Extracted entries:
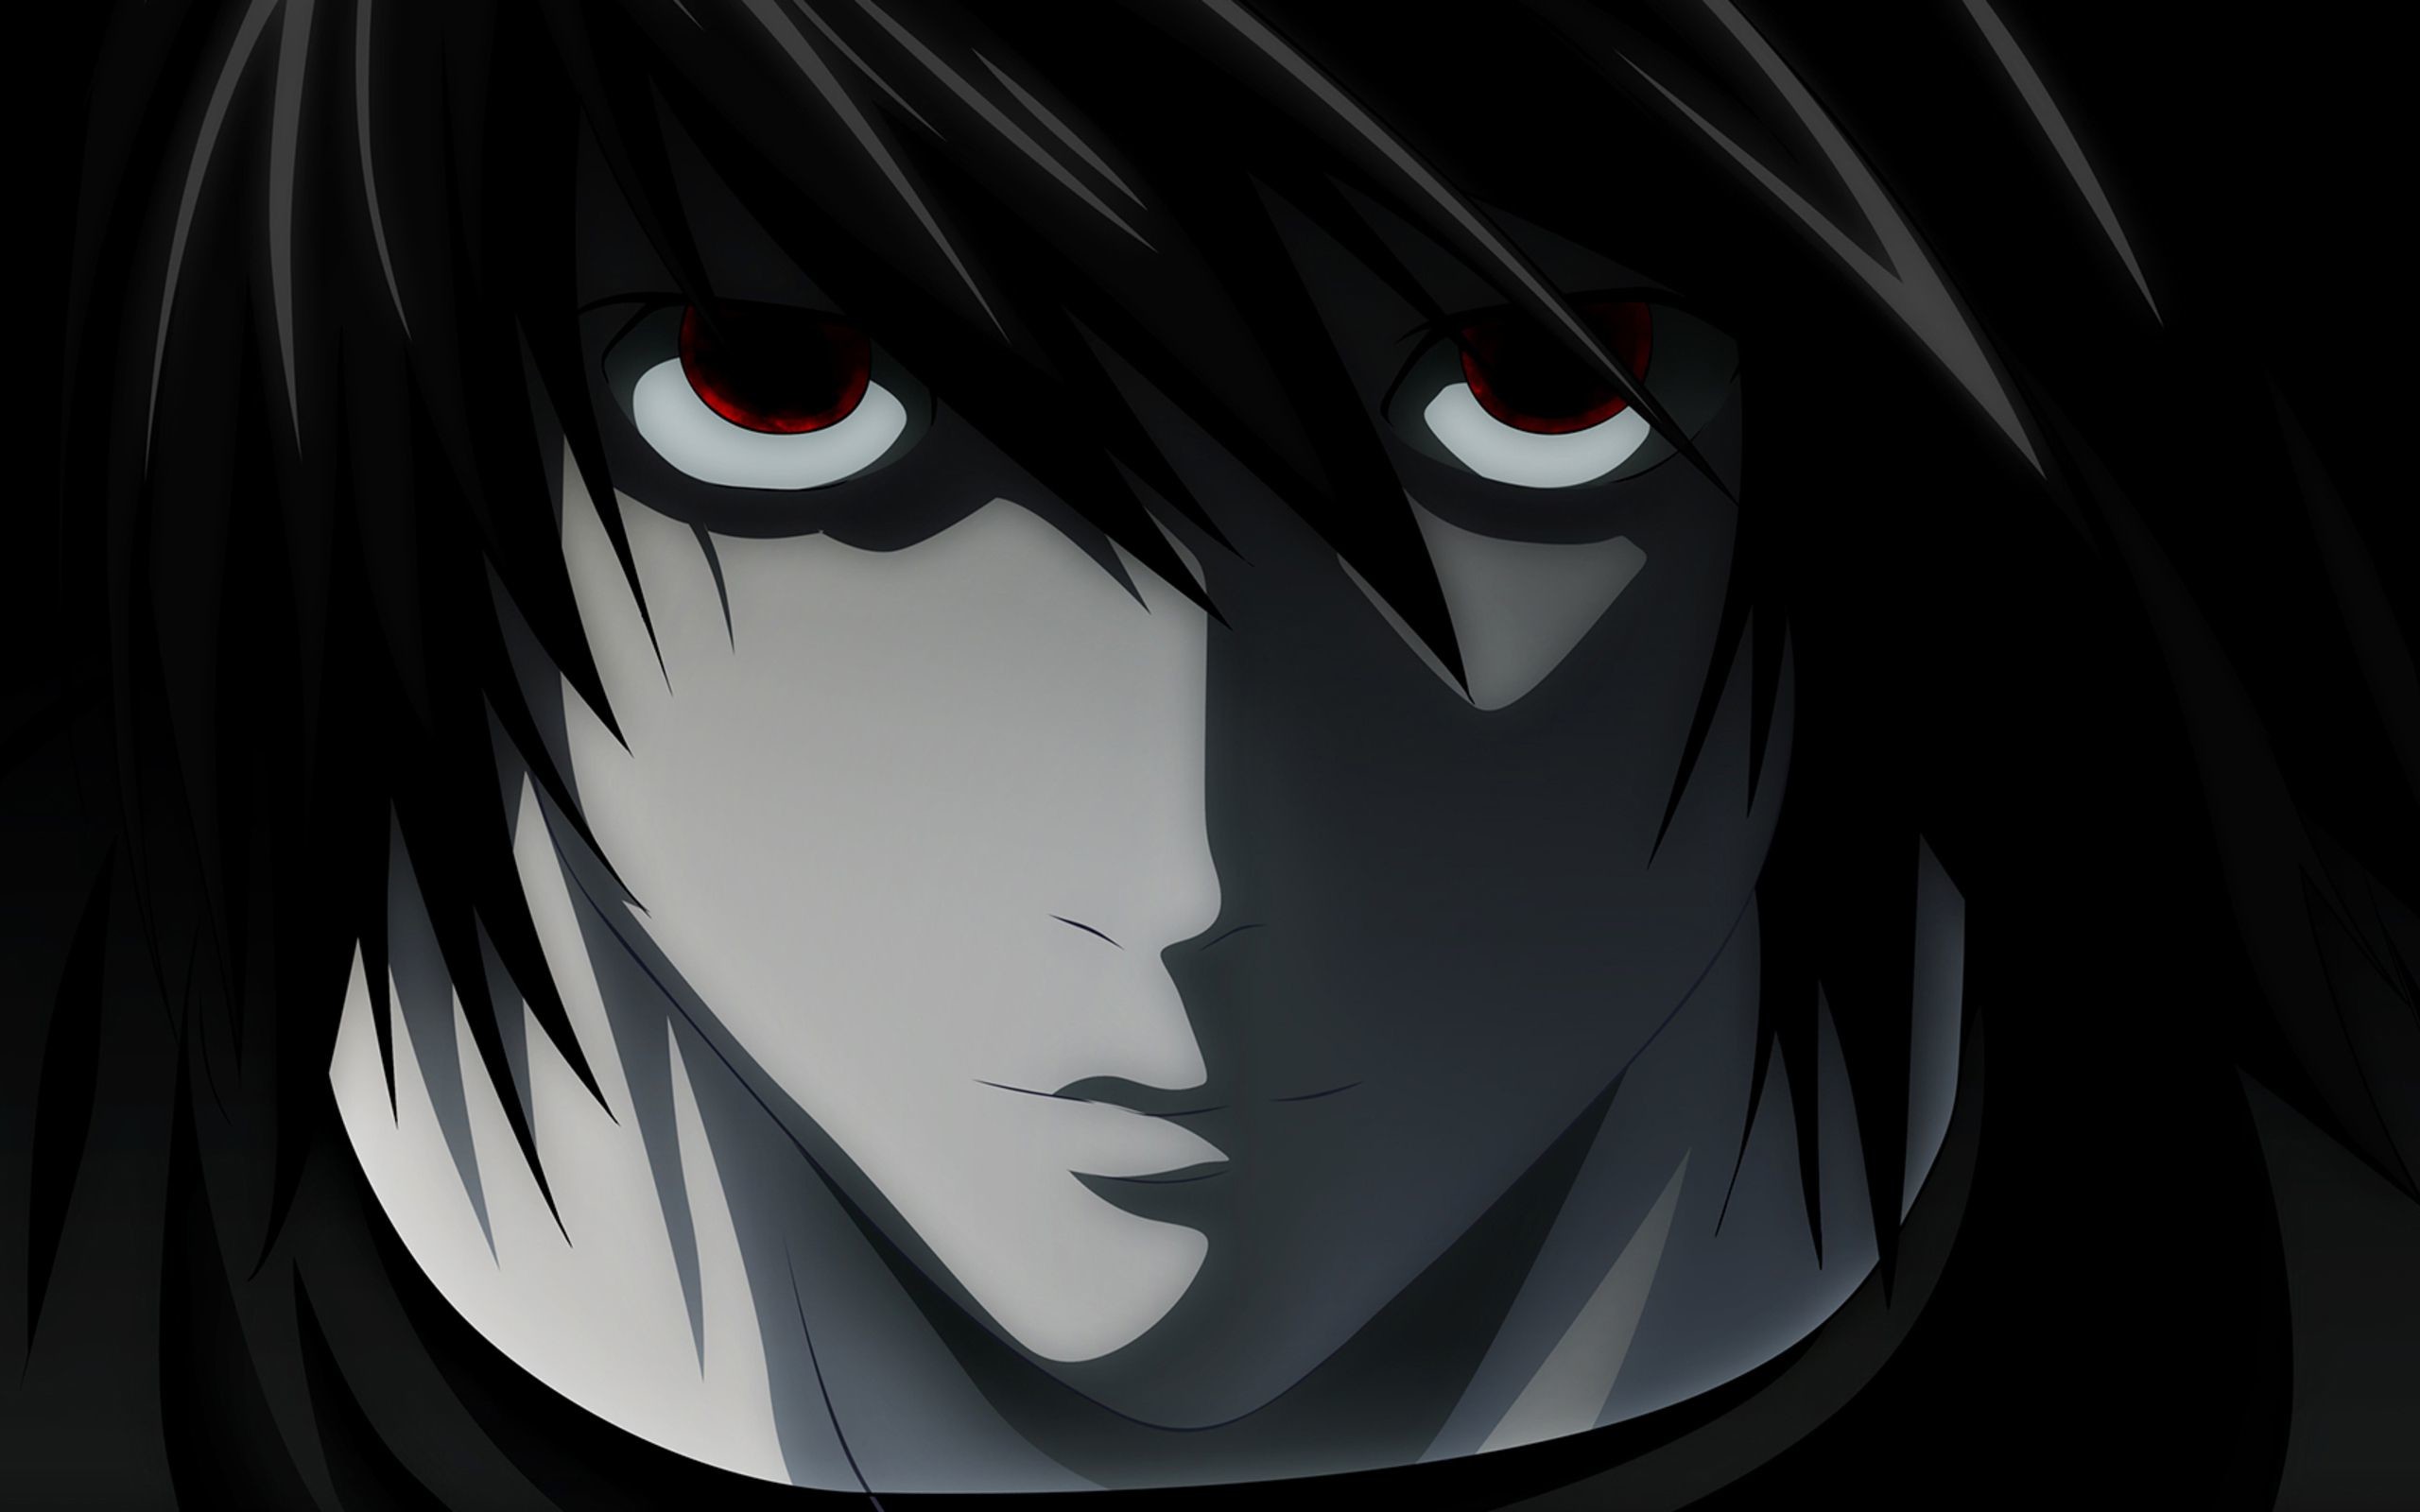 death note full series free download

* * *

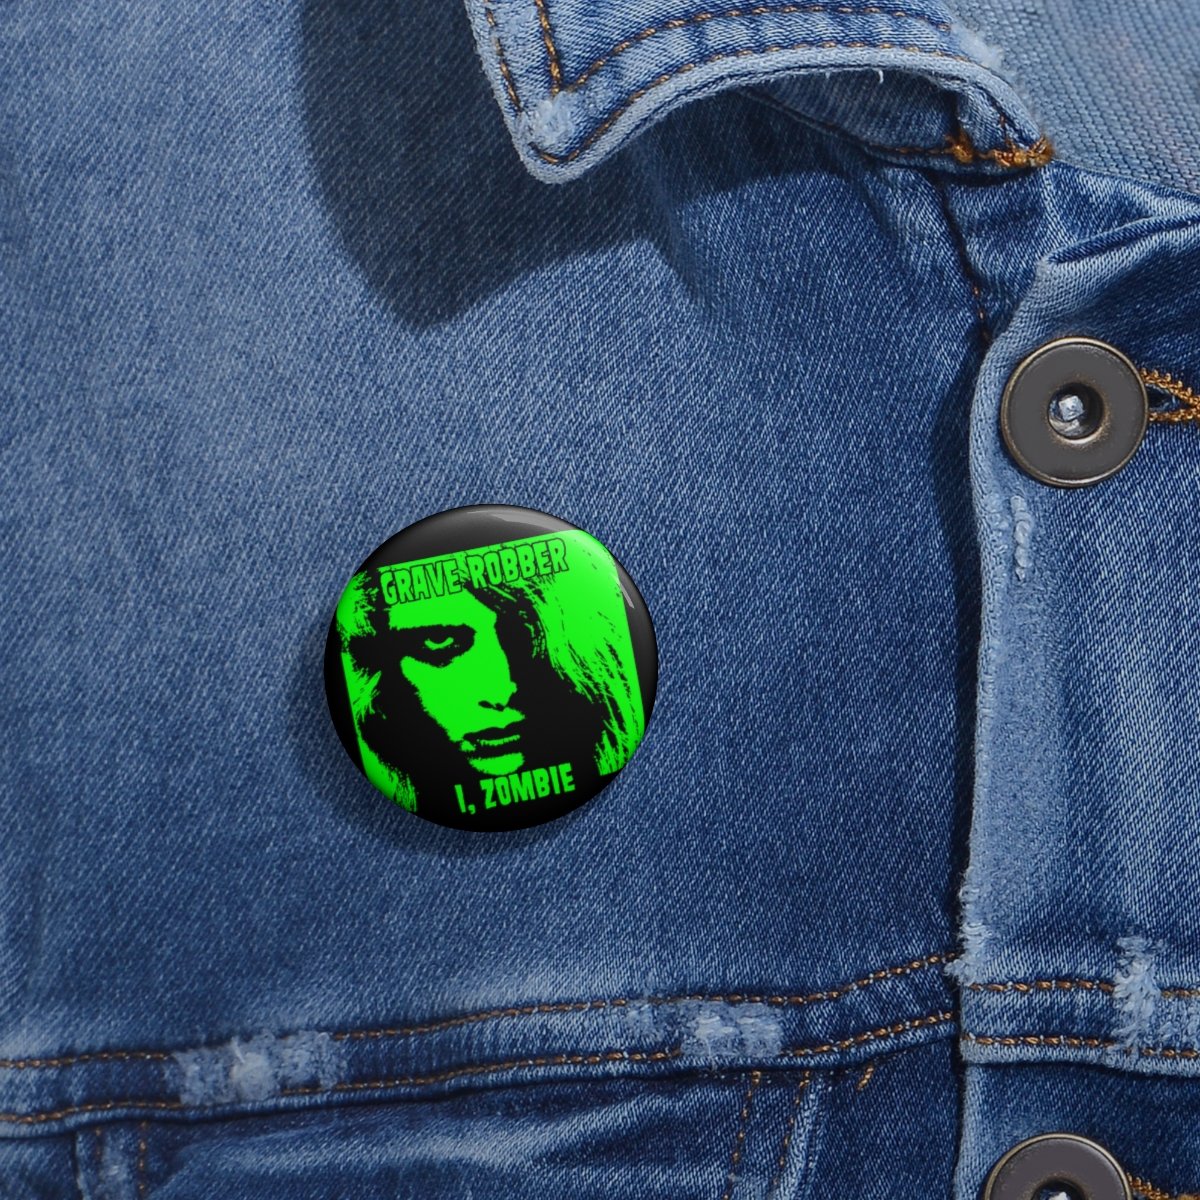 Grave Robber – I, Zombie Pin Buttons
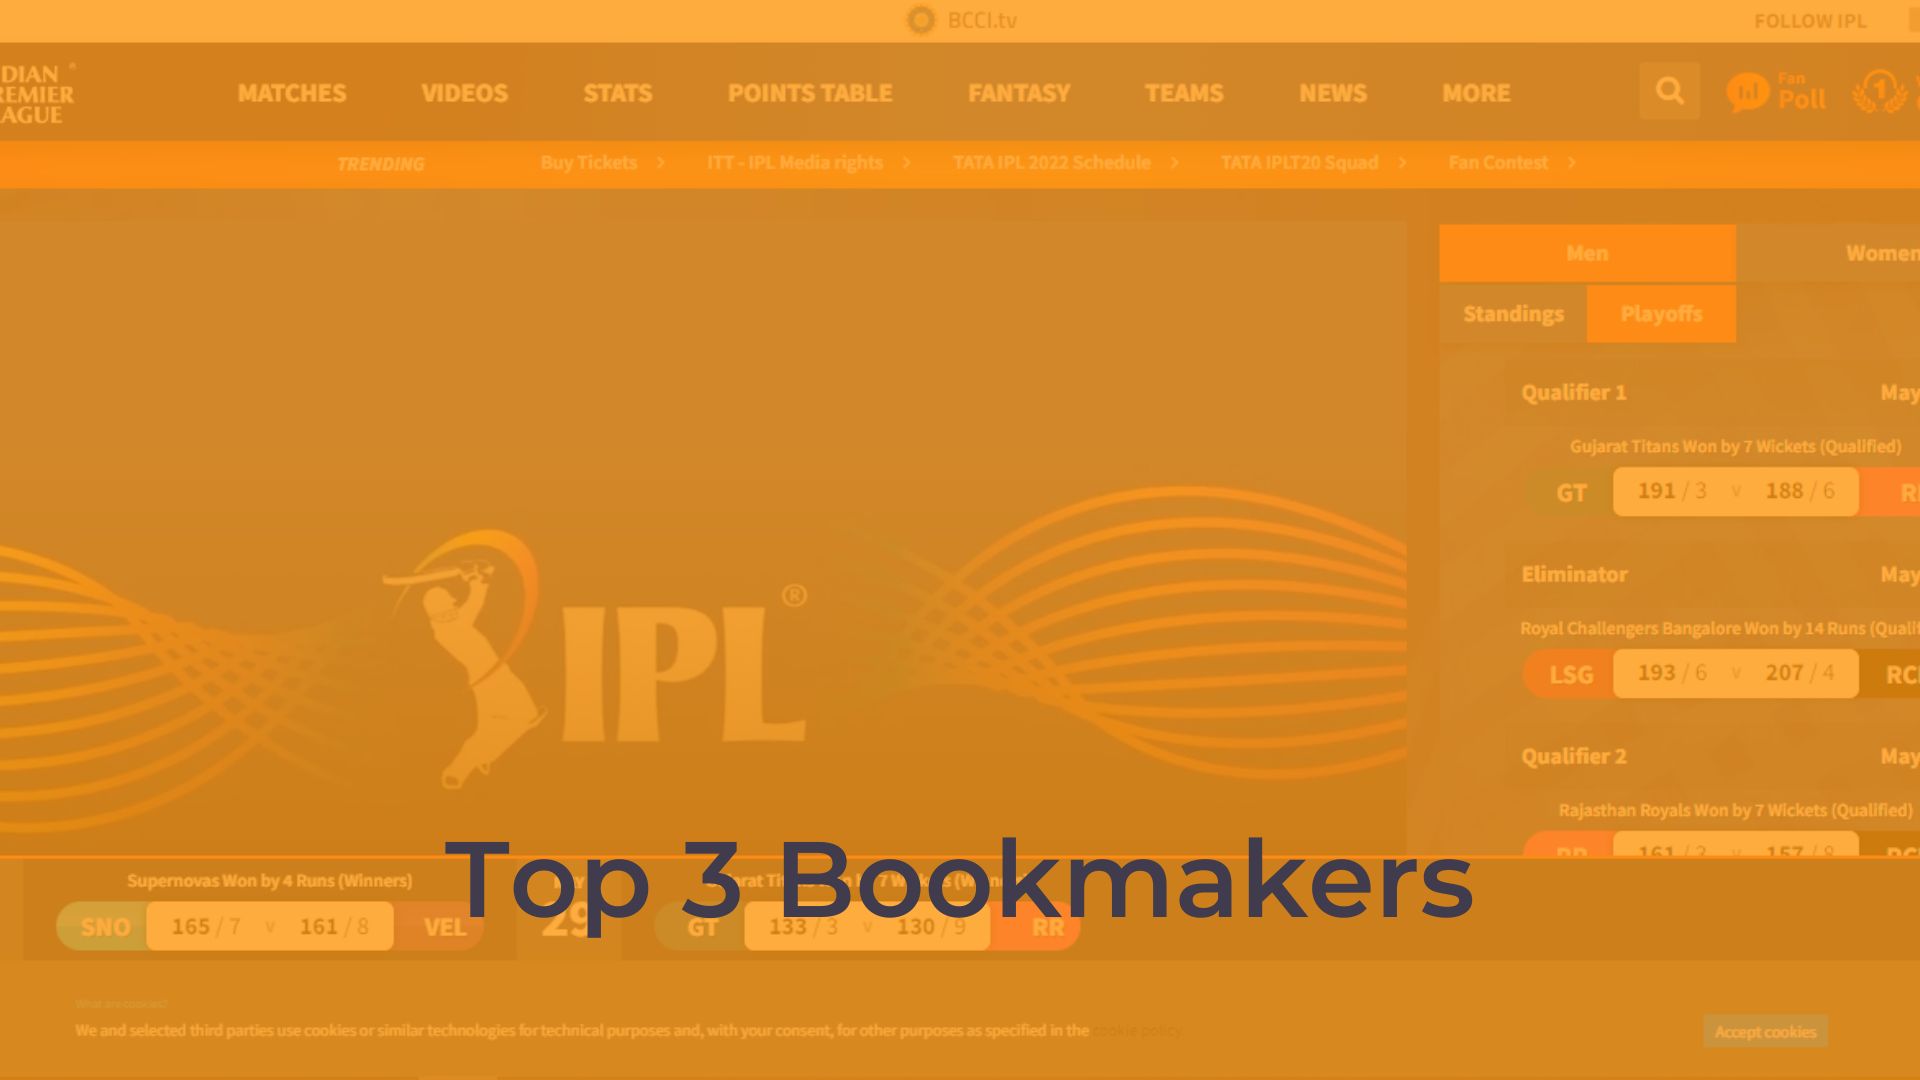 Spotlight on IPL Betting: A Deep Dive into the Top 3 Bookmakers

Work instructions: In the listing above, find the line containing "Grave Robber – I, Zombie Pin Buttons" and the line containing "Spotlight on IPL", then print exactly those two lines and every line between them, minus the pictures.

Response to this exercise:
 Grave Robber – I, Zombie Pin Buttons
 Spotlight on IPL Betting: A Deep Dive into the Top 3 Bookmakers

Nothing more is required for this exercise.